## Work request
Begin at the line with "Tričko dámské Stedman" and set down each line exactly until the listing ends. Images stay out.

## Data block
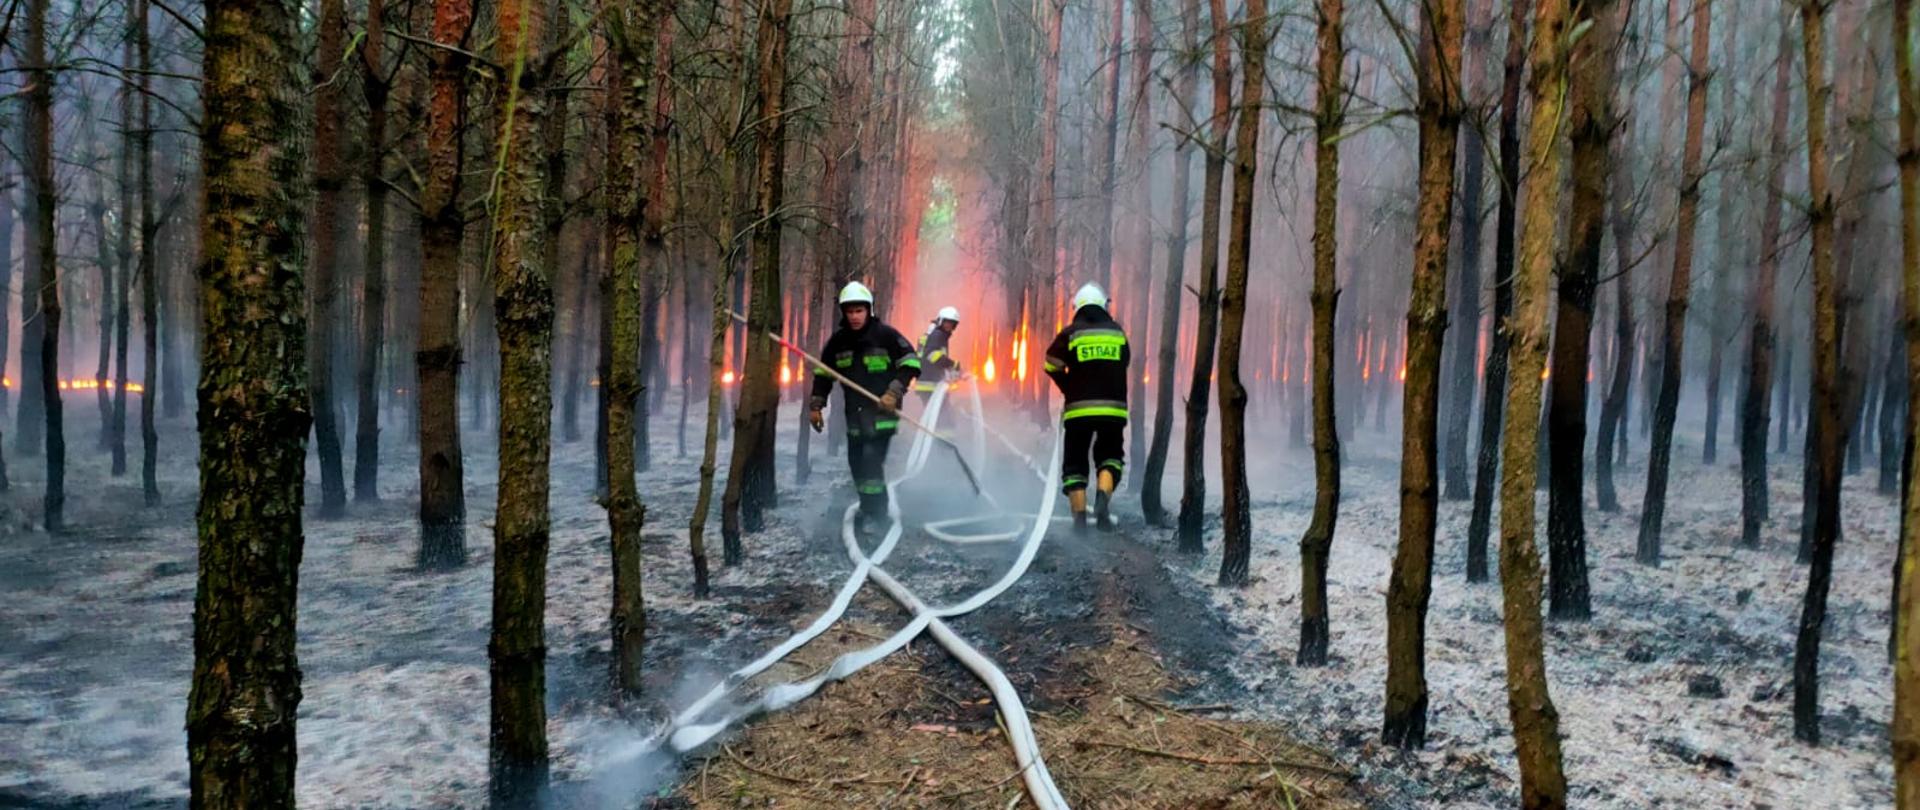 strażacy gaszą pożar lasu w oddali widać płomienie
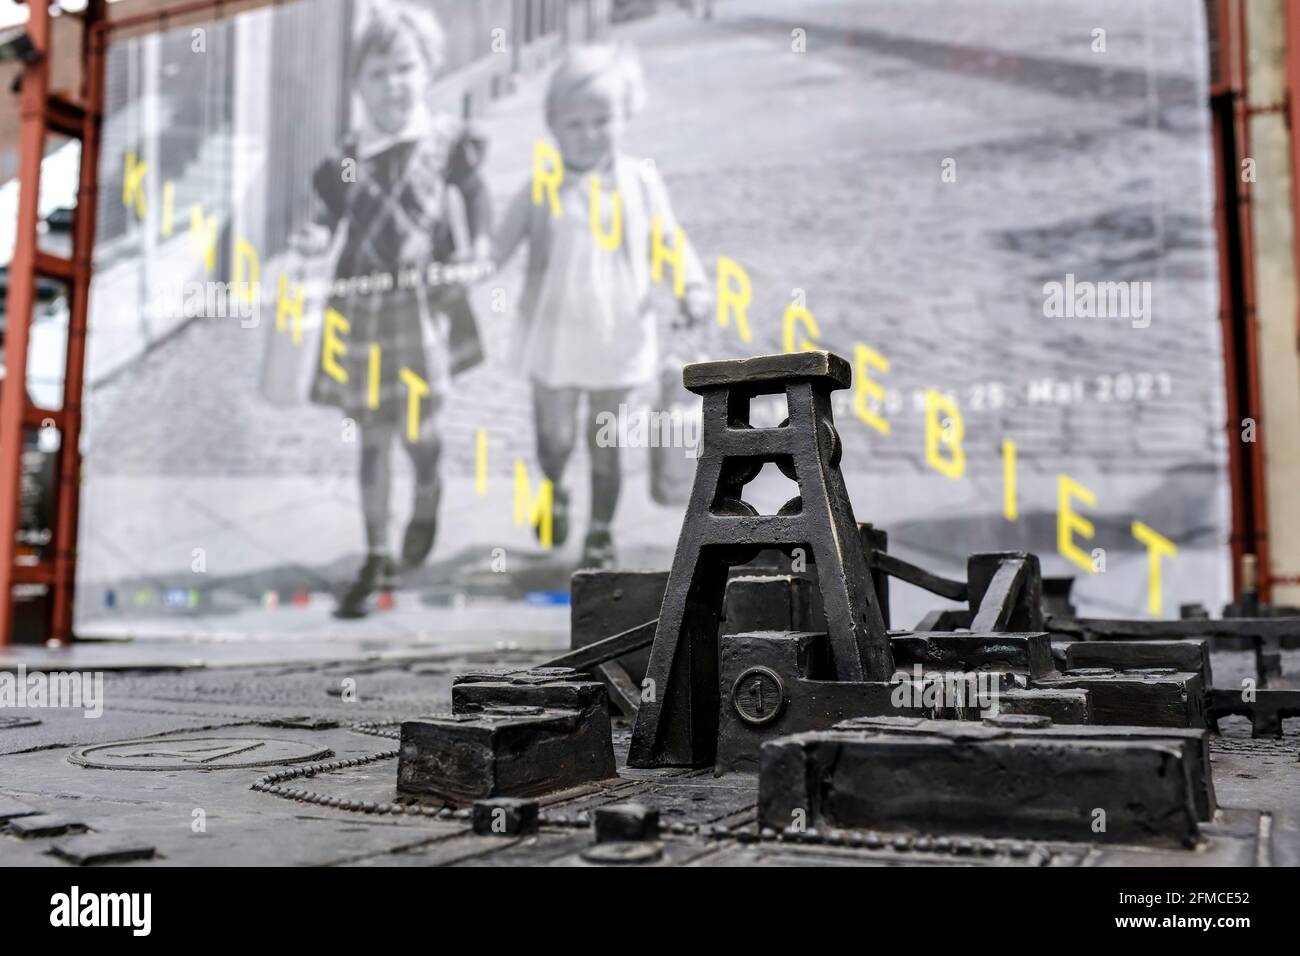 07.05.2021, Essen, Nordrhein-Westfalen, Deutschland - Blick ueber ein kleines Modell der Zeche Zollverein aus Eisen auf ein Werbeplakat fuer die Ausst Stock Photo
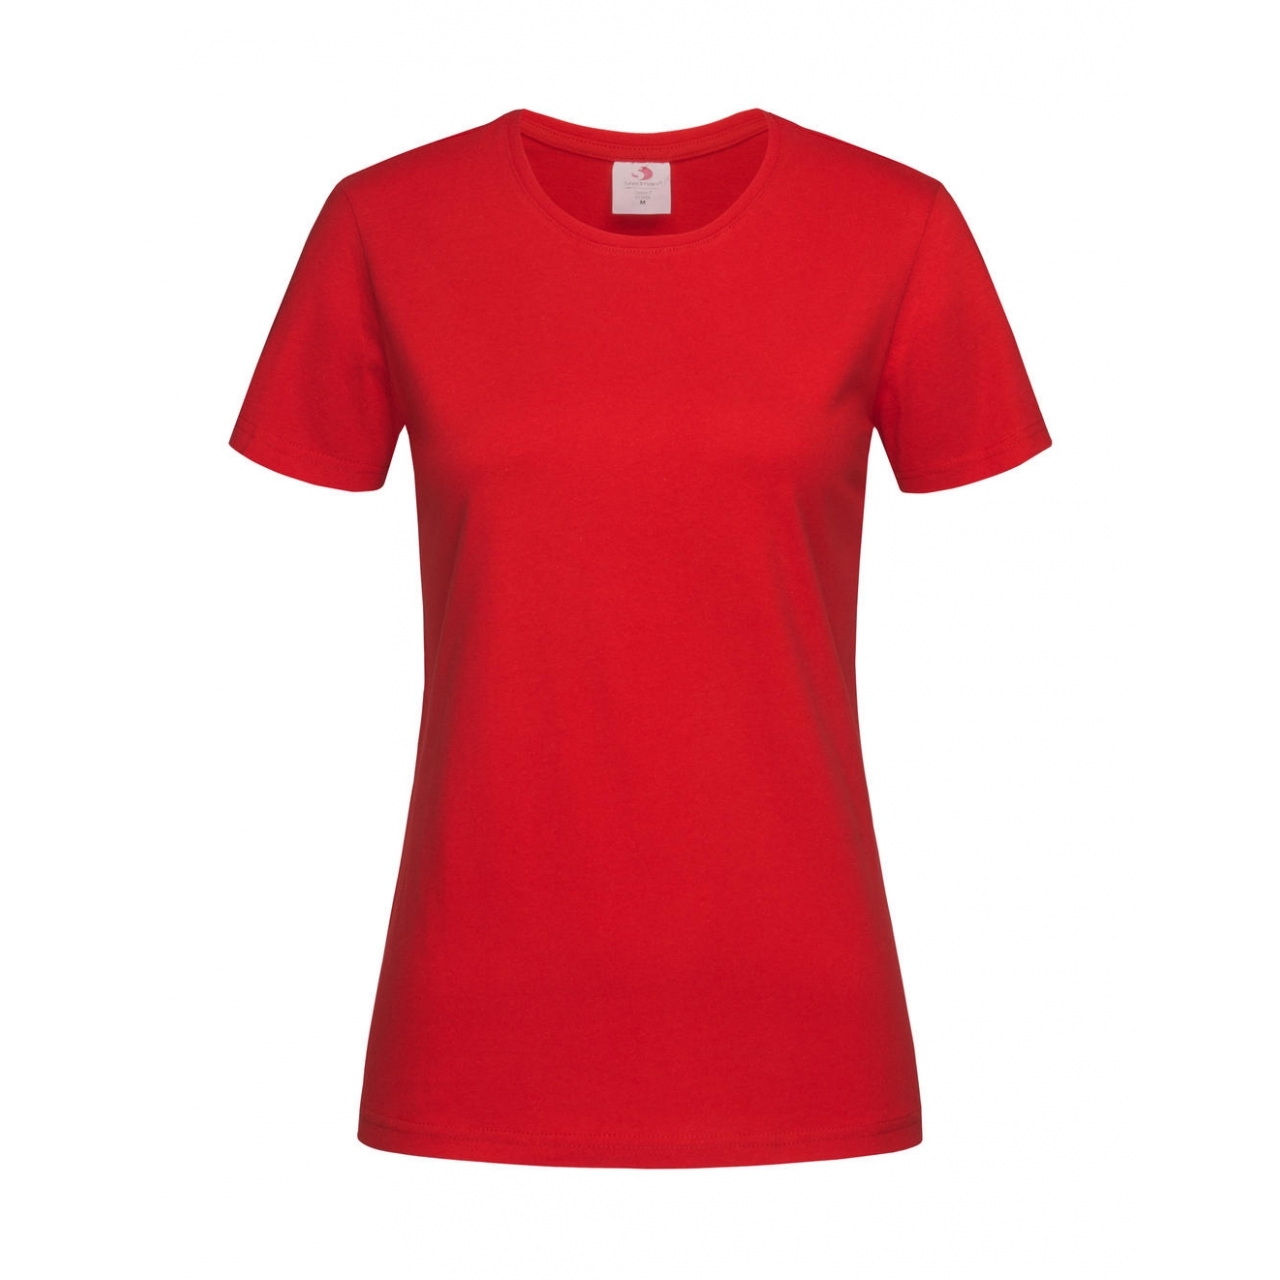 Tričko dámské Stedman Fitted s kulatým výstřihem - červené, XL
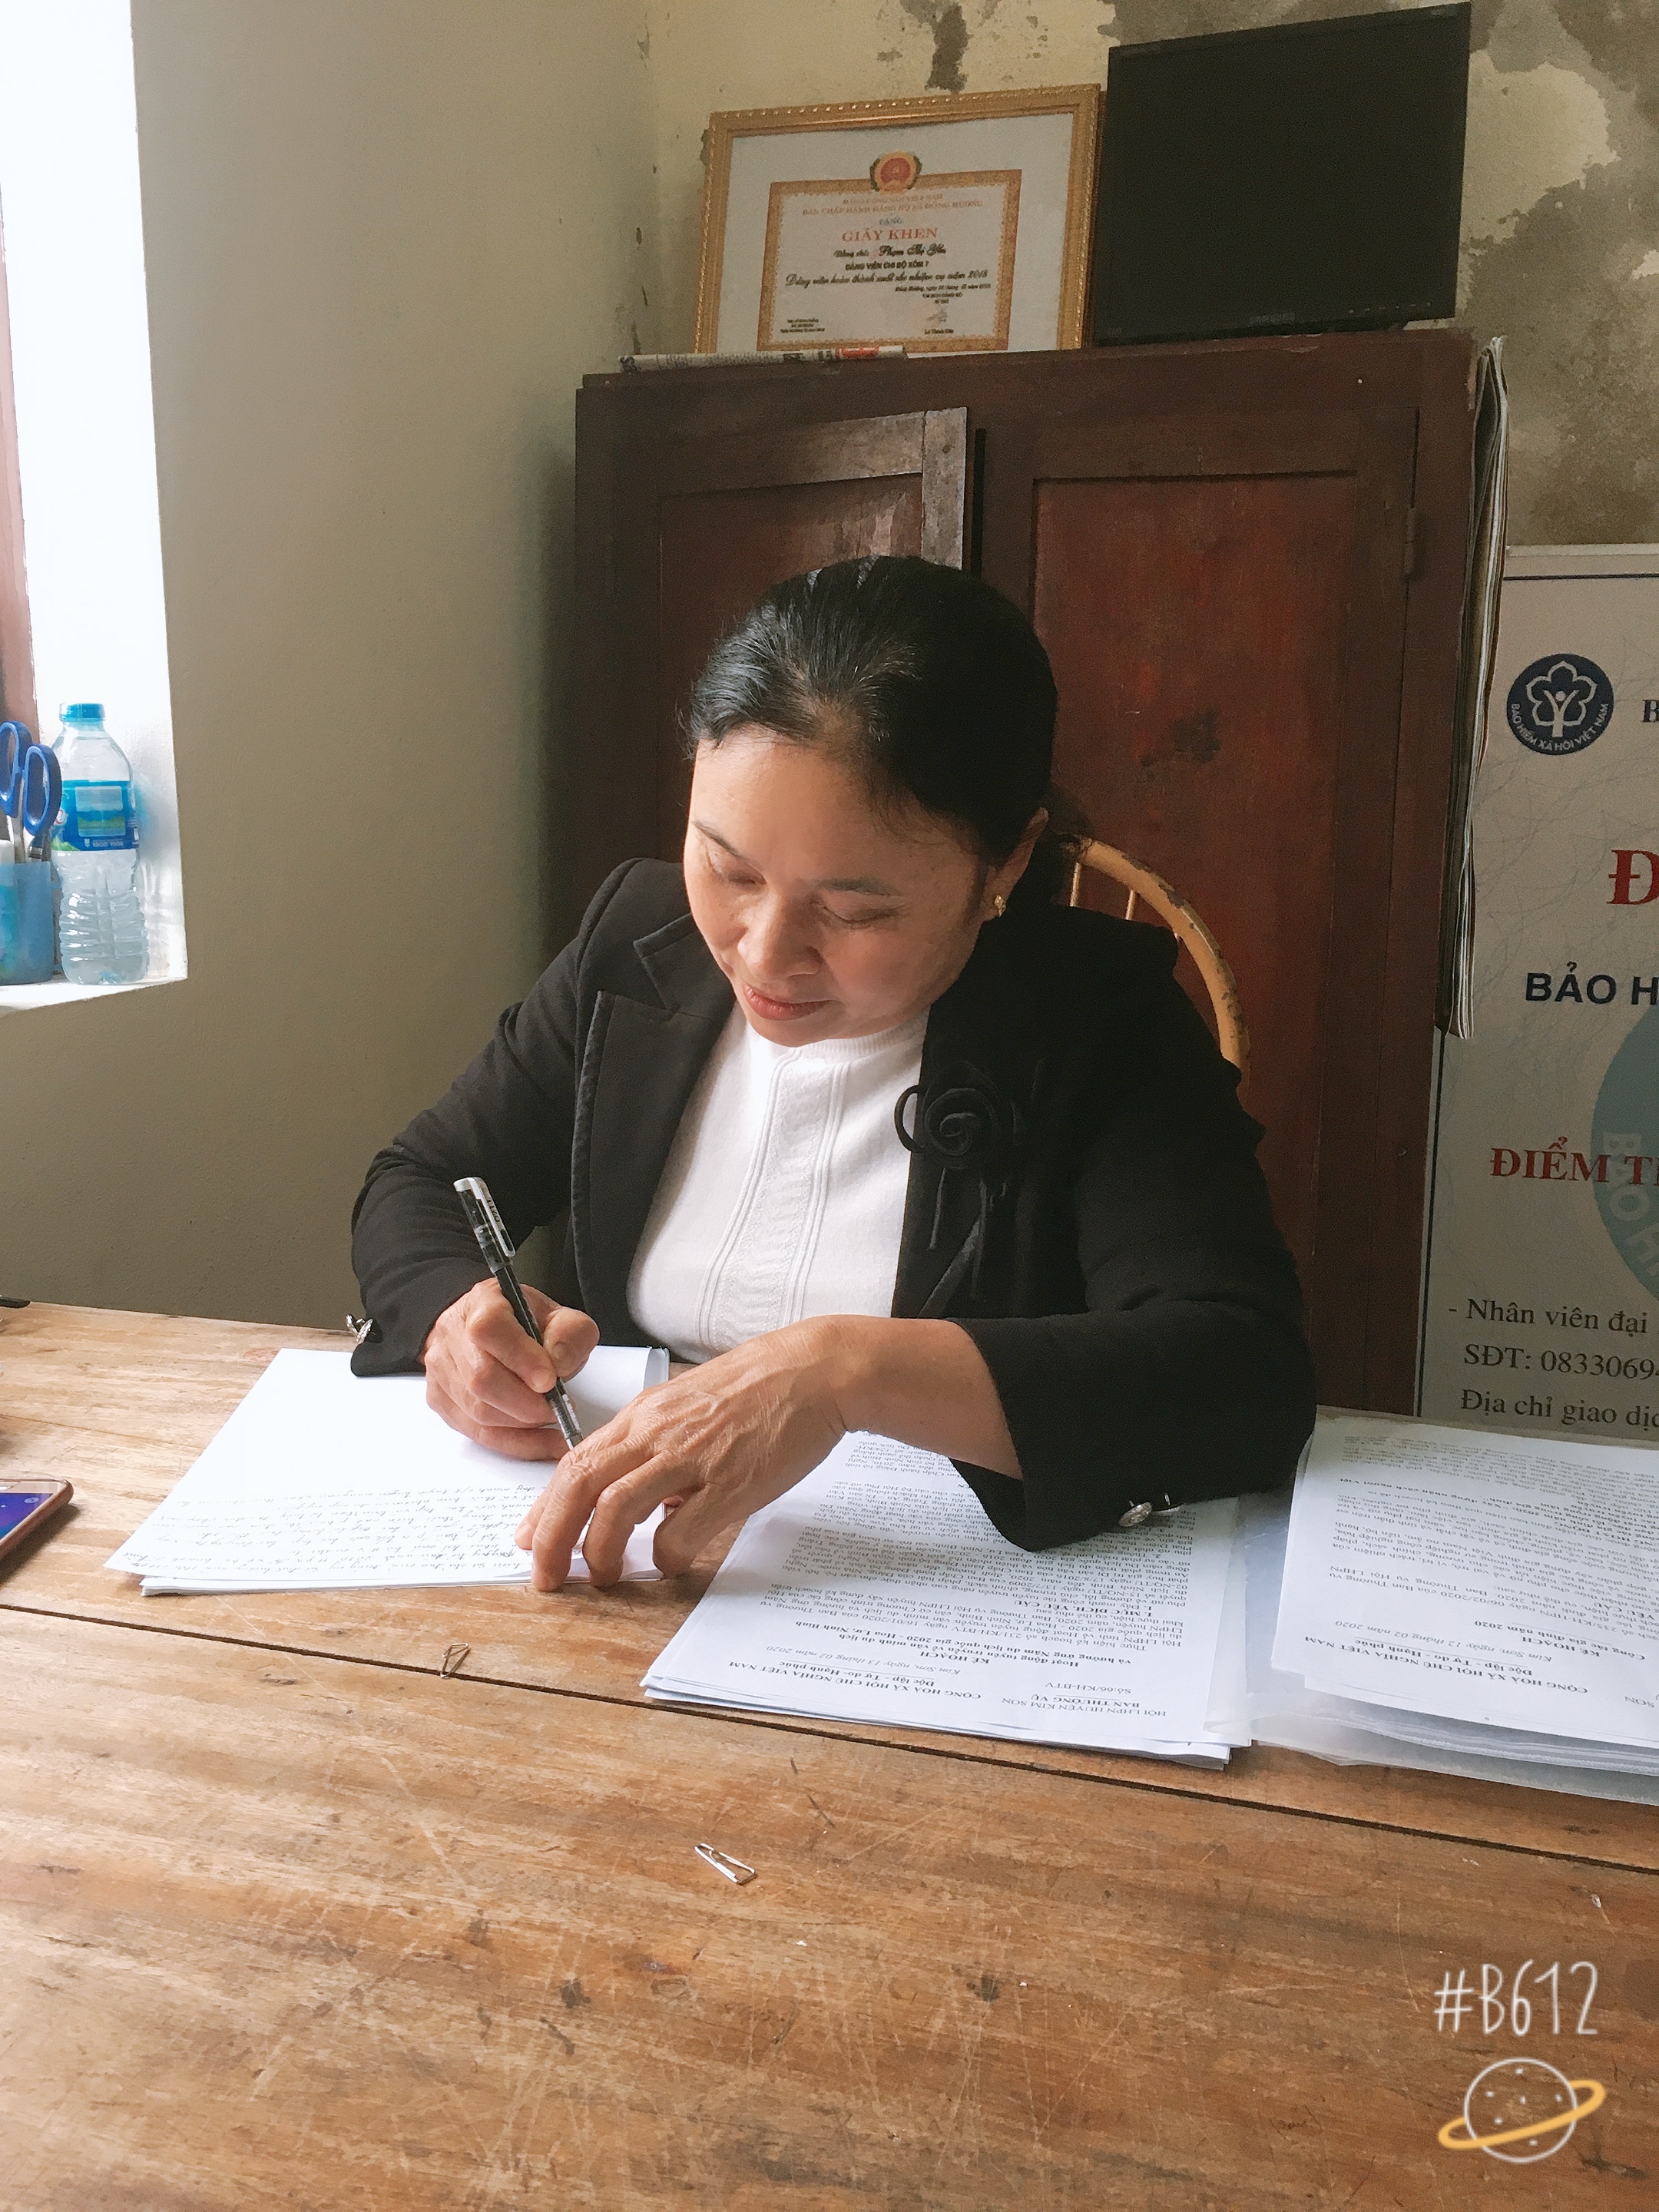 PHỎNG VẤN: Bà Phạm Thị Yến – Phó Chủ tịch Hội Liên hiệp phụ nữ xã Đồng Hướng về những kết quả nổi bật Hội đạt được năm 2019

## Task output
 Tričko dámské Stedman Fitted s kulatým výstřihem - červené, XL
 PHỎNG VẤN: Bà Phạm Thị Yến – Phó Chủ tịch Hội Liên hiệp phụ nữ xã Đồng Hướng về những kết quả nổi bật Hội đạt được năm 2019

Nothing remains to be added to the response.